Data provided

*** Block opens ***

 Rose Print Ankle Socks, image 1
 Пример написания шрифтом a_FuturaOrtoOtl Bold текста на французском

*** Block closes ***
*** Block opens ***

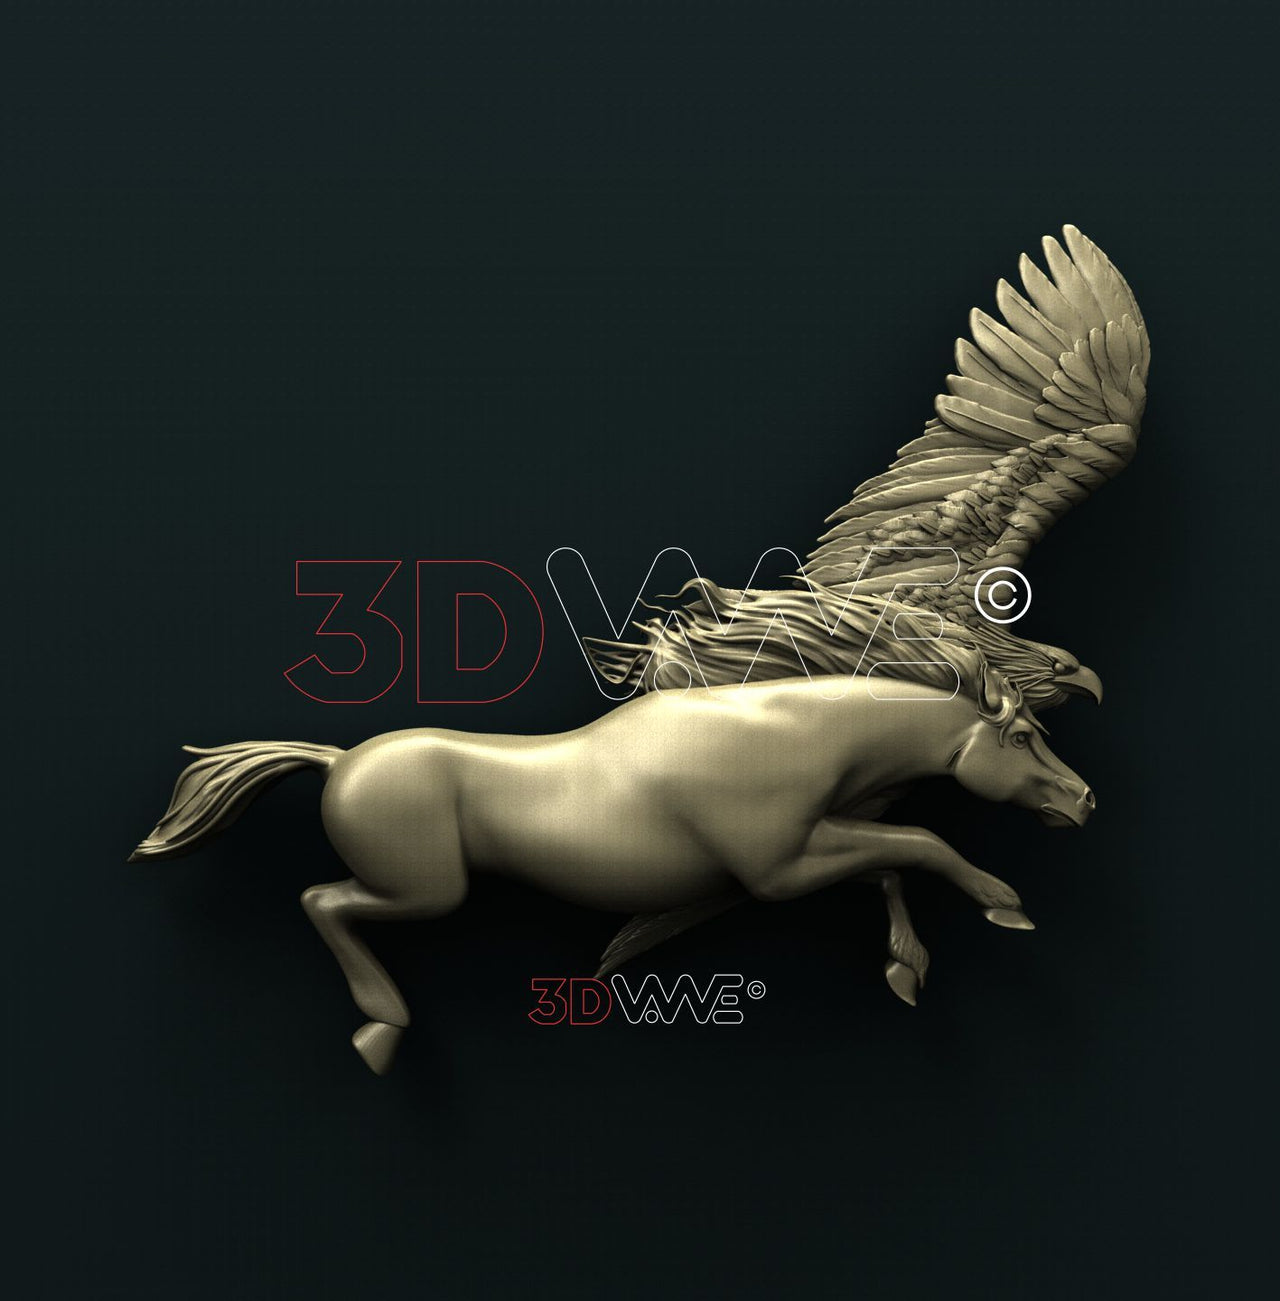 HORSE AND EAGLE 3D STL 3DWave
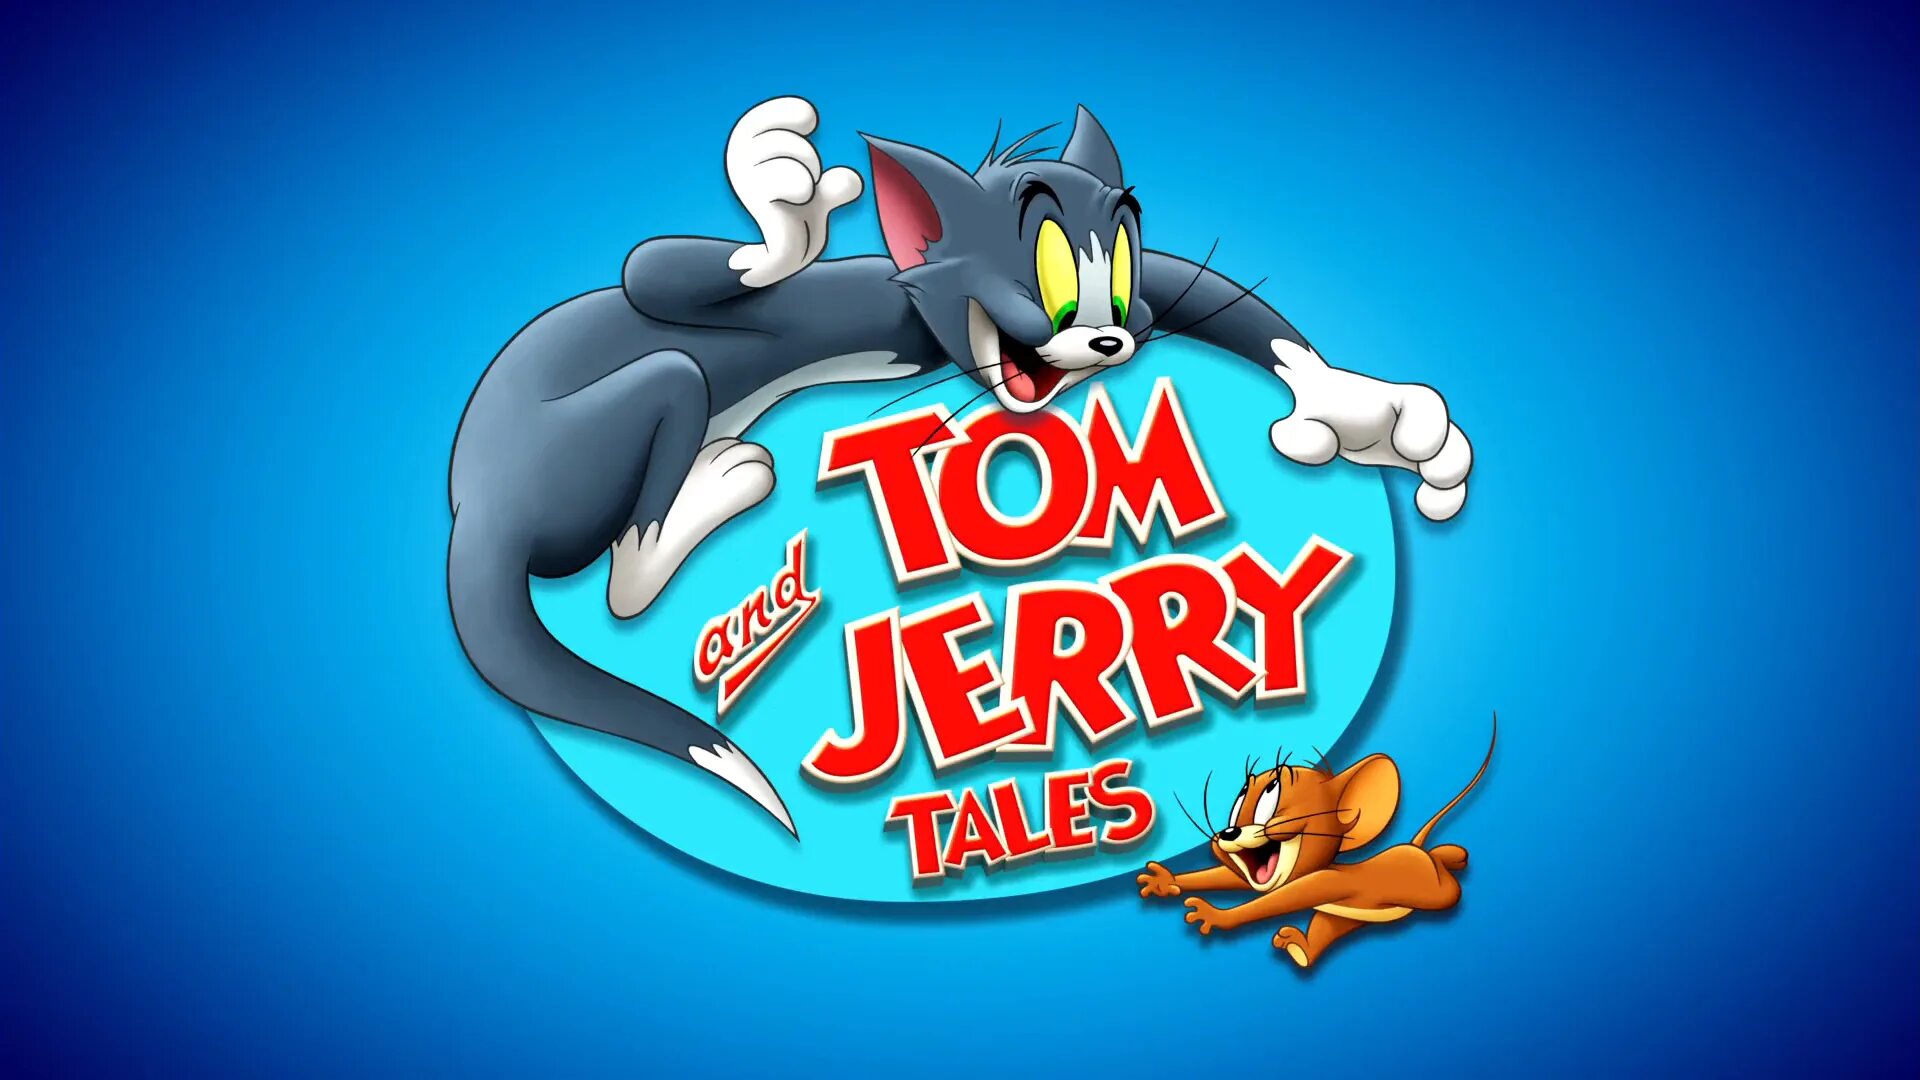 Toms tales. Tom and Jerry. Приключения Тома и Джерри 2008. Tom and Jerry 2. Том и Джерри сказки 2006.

*** Block closes ***
*** Block opens ***

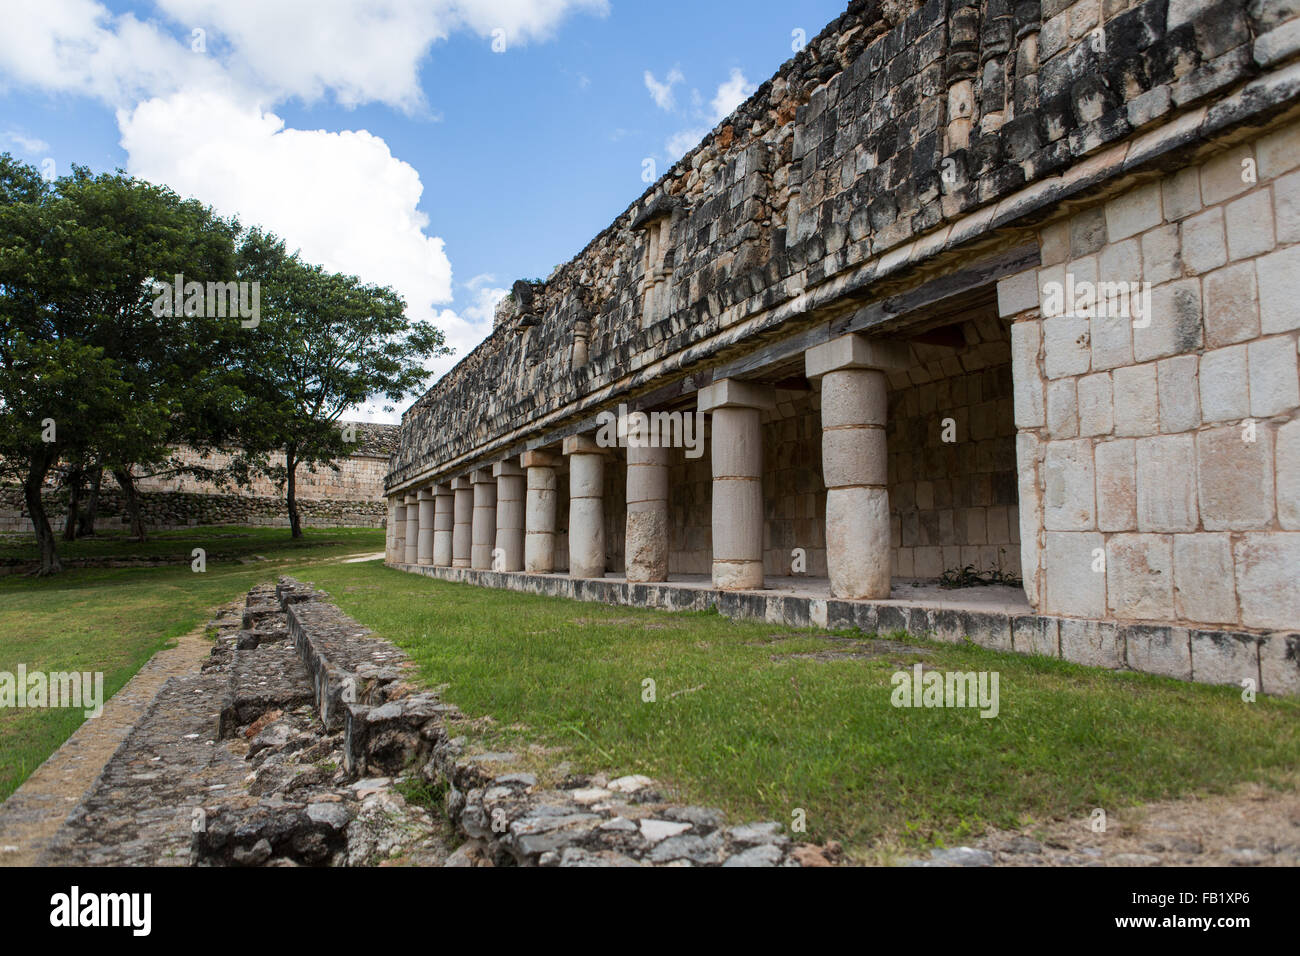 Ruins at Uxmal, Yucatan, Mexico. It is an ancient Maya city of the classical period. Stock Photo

*** Block closes ***

Exercise requirements
From the records above, transcribe exactly the run of lines that opens with the line holding "Rose Print Ankle Socks, image 1" and closes with the line holding "Пример написания шрифтом", both included.

Answer area
 Rose Print Ankle Socks, image 1
 Пример написания шрифтом a_FuturaOrtoOtl Bold текста на французском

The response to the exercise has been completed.